Oil prices recovered a bit from a rough week on Friday as data showed a fresh dip in US oil exploration, suggesting lower output that could ease the global oversupply.
US benchmark West Texas Intermediate (WTI) for delivery next month rose US$0.88 to US$47.26 a barrel on the New York Mercantile Exchange.
Brent North Sea crude for December delivery, the global benchmark, closed at US$50.46 a barrel in London, a gain of US$0.73 from Thursday’s close.
Both contracts had fallen for the first four days of the week, and, for the full week, WTI lost 4.8 percent and Brent was down 4.2 percent.
“The global petroleum markets are holding at least moderate gains on end-of-week book squaring that has helped reverse at least some of the prior losses,” Tim Evans of Citi Futures said.
“Sentiment has proven to be resilient, with at least some portion of the market arguing that a bottom has been established, with the ongoing physical surplus already discounted into the price,” he said.

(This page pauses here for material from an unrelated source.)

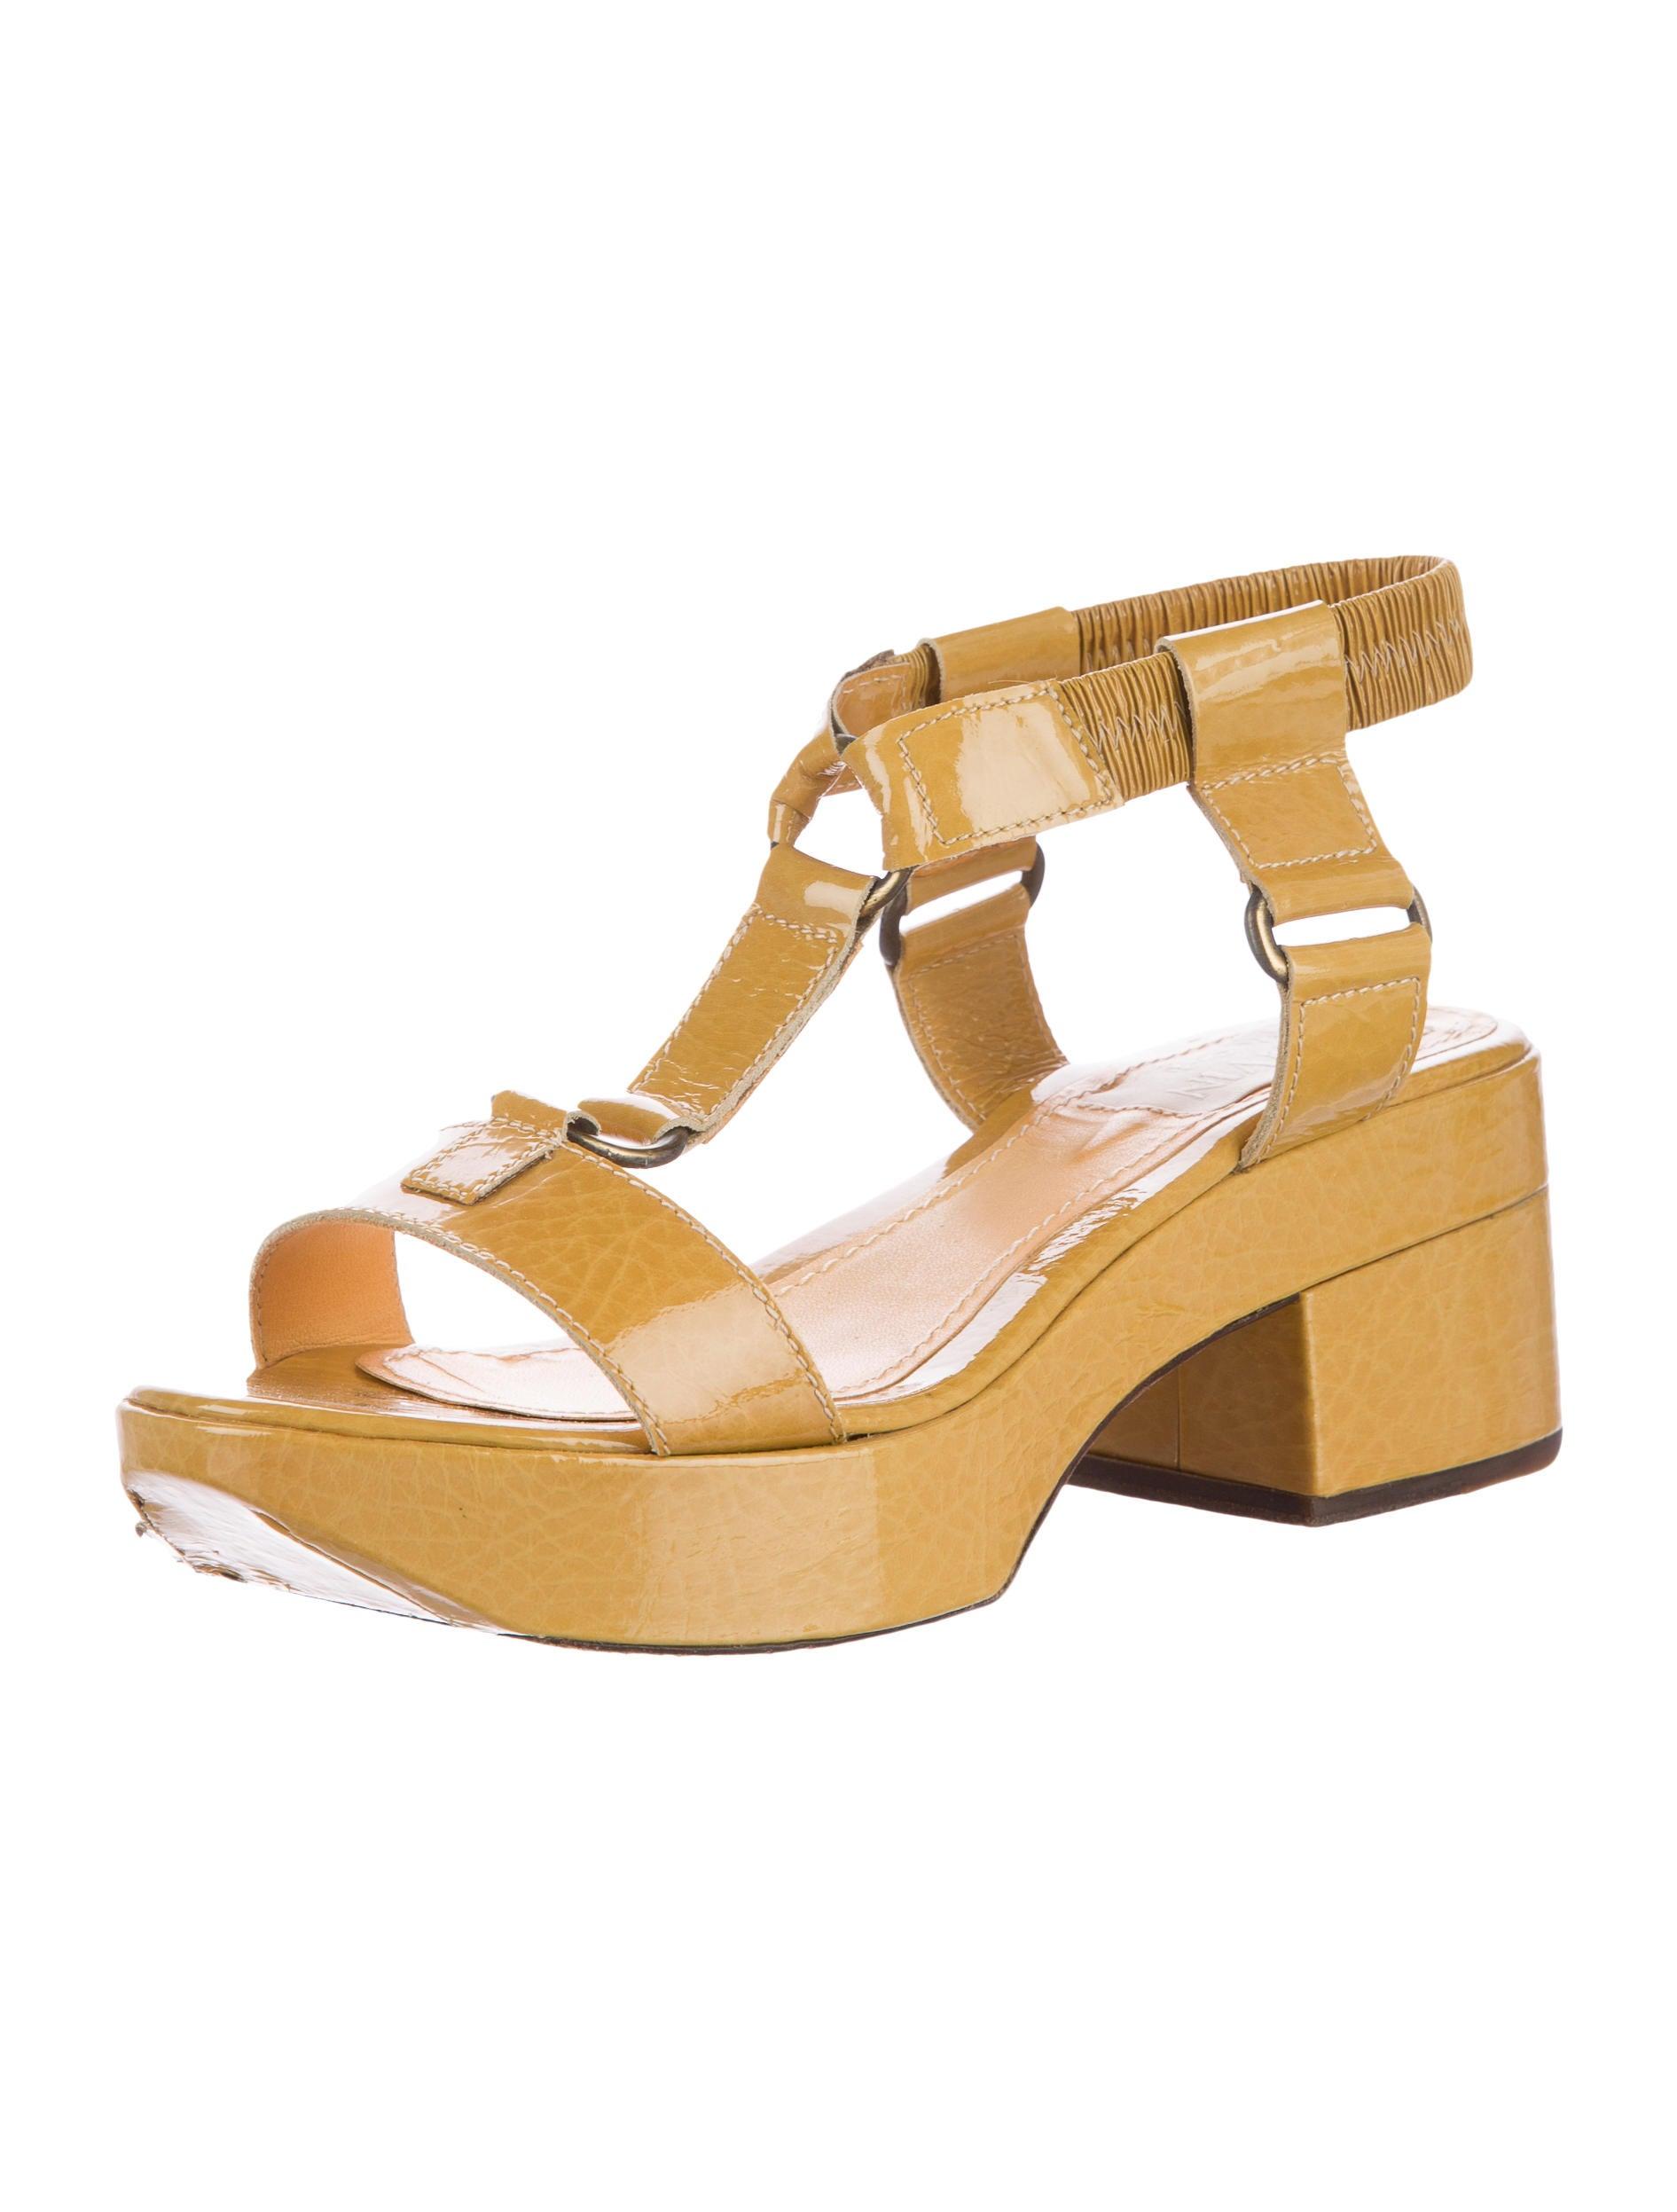 lanvin patent leather platform sandals shoes lan46585

In a bullish sign for the market, the Baker Hughes weekly US oil rig count fell by 10, or 1.7 percent, this week, marking the seventh consecutive week of declines.
That reinforced the outlook for lower US crude-oil production. On Thursday, the US Department of Energy reported that the nation’s output fell by 76,000 barrels to 9.17 million barrels per day.

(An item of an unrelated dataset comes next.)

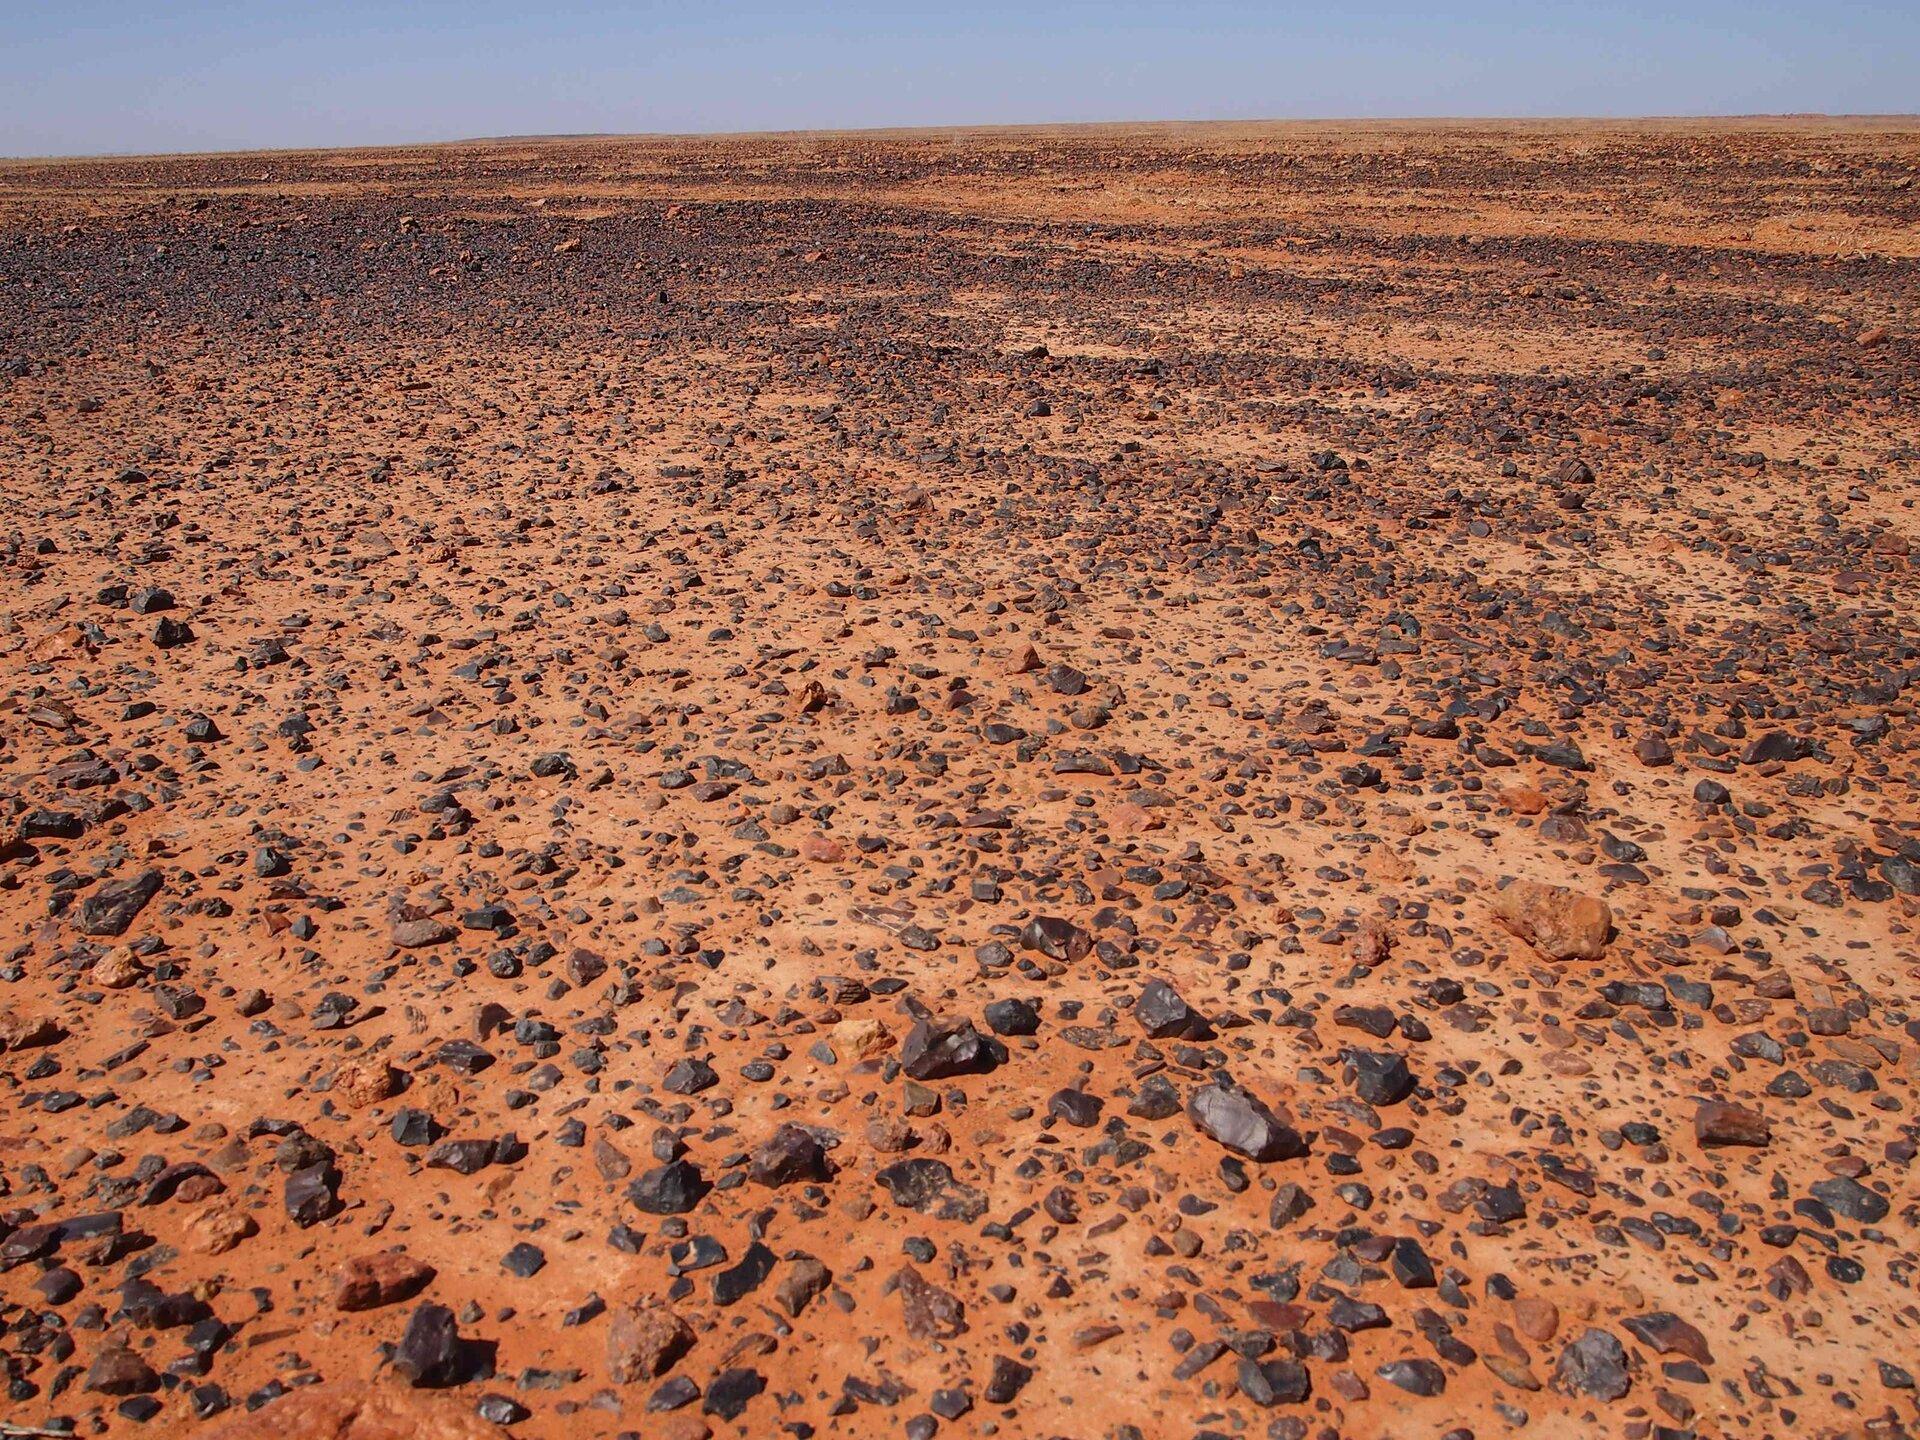 Na zdjęciu pustynia żwirowa. Teren płaski, na ceglastym piasku leży drobny igrubszy żwir. Na horyzoncie wąski kawałek nieba.

There was continuing market chatter about Russia eying production cuts.
Bloomberg News reported on Thursday that Russian Energy Minister Alexander Novak said Moscow was prepared to discuss price ranges and output cuts when it meets with OPEC in Vienna on Wednesday.

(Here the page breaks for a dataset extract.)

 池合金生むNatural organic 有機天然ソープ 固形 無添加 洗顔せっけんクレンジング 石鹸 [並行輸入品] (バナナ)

However, Commerzbank analyst Carsten Fritsch said there was only a “very slight” chance that the meeting would yield any concrete results.
In the copper market, prices declined, posting their first weekly loss this month amid mounting concern over slowing consumption in China, the world’s largest user of the metal.
Economists forecast Beijing would announce tomorrow that GDP last quarter grew at the slowest pace since 2009. Slowing expansion in China has pushed copper prices down 15 percent this year.
“People are squaring their bets, expecting even weaker economic news coming out of China,” Michael Smith, president of T&K Futures & Options in Port St Lucie, Florida, said in a telephone interview. “A stronger dollar is also hurting commodities, given the currency’s inverse relationship with dollar-denominated assets.”
Copper futures for delivery in December slipped 0.8 percent to settle at US$2.4035 a pound (2.2kg) at 1:18pm on the Comex in New York, leaving prices down 0.4 percent this week.
On the London Metal Exchange, copper for delivery in three months lost 0.4 percent to US$5,285 a tonne. Aluminum, zinc and tin also declined, while nickel and lead rose.
After gaining in recent weeks on expectations of monetary easing and supply cuts, copper’s “focus will eventually return to fundamentals, particularly the outlook for Chinese demand,” Yongan Futures Co senior analyst Zhang Yu said via telephone from Hangzhou, China.
Inventories monitored by the London Metal Exchange have fallen 21 percent since the end of August to the lowest since February, while stockpiles in China’s bonded warehouses also dropped last month. The question is whether the metal is being stockpiled elsewhere or is being consumed, Zhang said.